Whedon Clarifies Gender Comments, Wouldn't "Rule Out" Directing "Captain Marvel"

"Avengers: Age of Ultron" director Joss Whedon has long been a champion of feminism and female super heroes, so it was no surprise when he took Hollywood's lack of equal gender representation to task in an interview with Digital Spy.

"It's a phenomenon in the [film] industry that we call 'stupid people'," Whedon said. "There is genuine, recalcitrant, intractable sexism, and old-fashioned quiet misogyny that goes on. You hear 'Oh, [female superheroes] don't work because of these two bad ones that were made eight years ago', there's always an excuse."

To put the quote into context, it was given during an interview last summer while "Avengers: Age of Ultron" was in production -- meaning that it came before Marvel gave the go-ahead to "Captain Marvel" and Warner Bros. announced "Wonder Woman," and it came before the massive box office success of "The Hunger Games: Mockingjay - Part 1" and "Lucy." Stating that his comments now make him sound "mean and bitter," Whedon elaborated on his views in a new interview with Buzzfeed.

Whedon revealed that he was aware that a film starring Carol Danvers was int he works when he talked to Digital Spy last summer, but he was also "not expecting it to get any traction, honestly. That's something that [Marvel Studios chief] Kevin [Feige] has been working on for a while. And I obviously was a cheerleader, but he had to get all the ducks in a row and get all the minds in agreement. I think being a part of Disney maybe makes it easier, because they're open to it. And Marvel now is in a position to shake up its own paradigm, because it's got such a success record."

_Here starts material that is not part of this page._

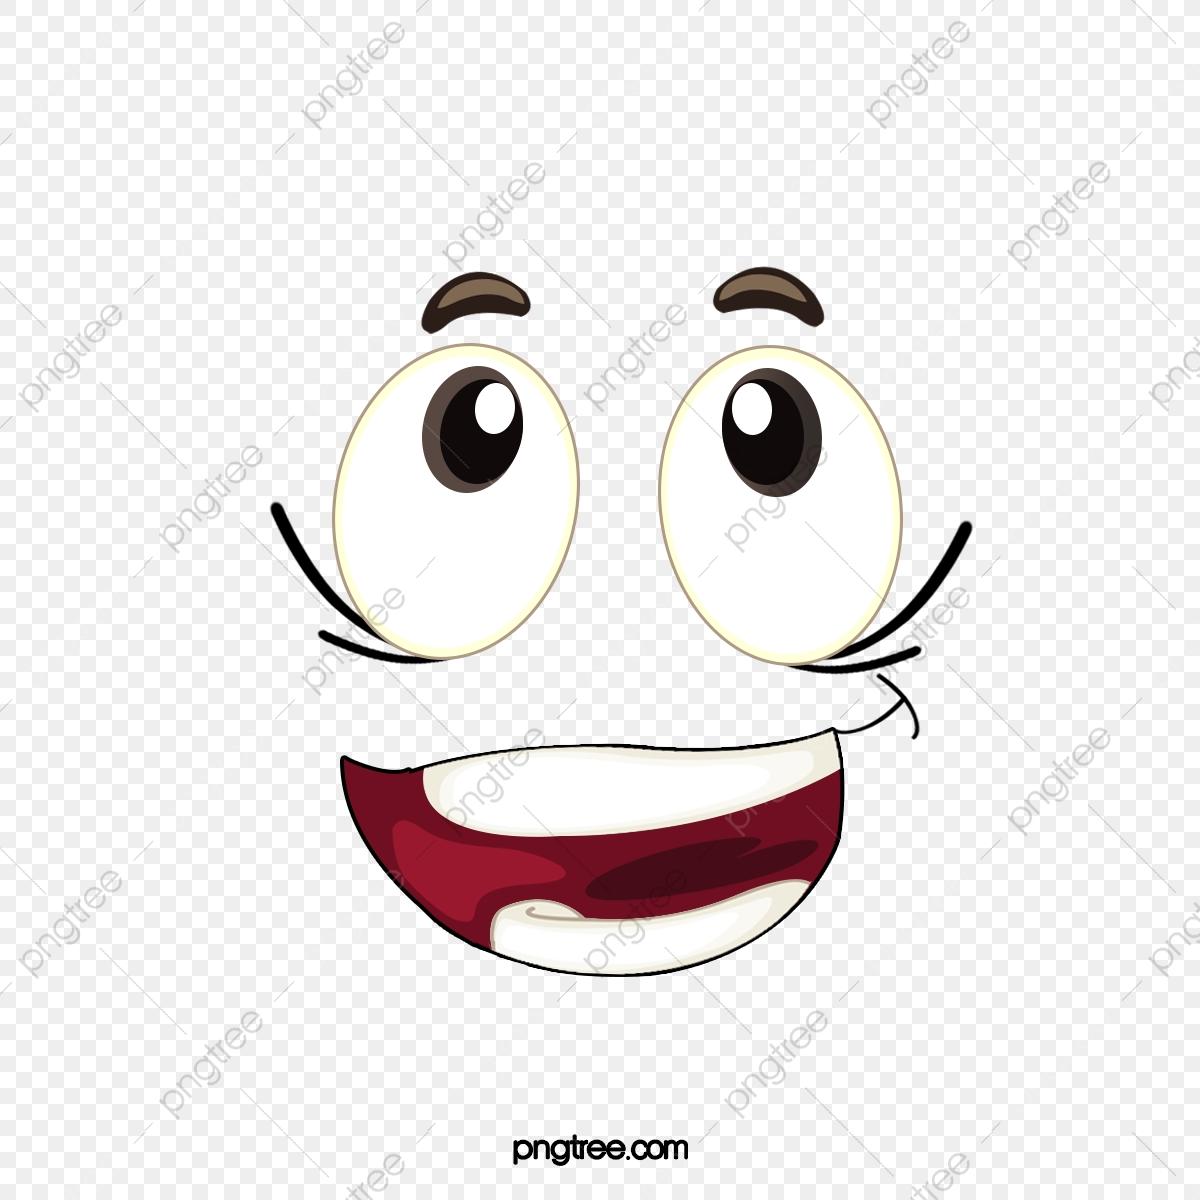 Cartoon Faces, Cartoon Clipart, Expression, Cartoon PNG Transparent.

Whedon added that "Guardians of the Galaxy's" surprise success despite being a complete unknown with mainstream audiences probably helped "Captain Marvel's" chances. "Honestly, you know, 'Guardians [of the Galaxy]' might have helped it, just because that was outside what was considered to be their box and did so well that -- Well, let's put it this way: If a raccoon can carry a movie, then they believe maybe even a woman can."

Buzzfeed asked Whedon if he'd be up for directing Marvel's first solo female hero film since it looks like he may not return to helm the two-part "Avengers: Infinity War."

"I would never rule anything out, because I like working here," said Whedon. "By the same token, the biggest thing for me is that I need to do something that I create myself. It's been way too long since I created a universe."

Whedon talked a little bit about the character, revealing that a lot of his knowledge of her comes from her '70s days as Ms. Marvel. "Captain Marvel I don't know as well. There have been a few [versions] of her. I have the first issue of 'Ms. Marvel,' back when she was that, and had the Farrah hair. My only issue with her is that she always felt sort of on top. She was very driven. A winner. I always like to dig into the soil of things to find my heroes, if I can."

Fox's X-Men property came up, as its home to many notable A-List female heroes -- Storm, Rogue, Kitty Pryde, Jean Grey, Mystique -- that Marvel Studios cannot use. "The X-Men was the next evolution of the Marvel paradigm back when I was reading it," said Whedon. "And, you know, because of the metaphor [of] they were dealing with these oppressed people ... there really wasn't a gender bias in the books. As soon as Marvel [Girl, aka Jean Grey] became Phoenix, the most powerful person in the universe, everything was on the table. It was all multicultural and there was no real question of gender in the book. Now, you can look at it and say, 'Well, this attitude is dated.' I'm sure that's the case if I went back to them. But the fact is it was kind of a utopia. I didn't know it at the time, because I just assumed that's how things should be done."

"Avengers: Age of Ultron" opens on May 1.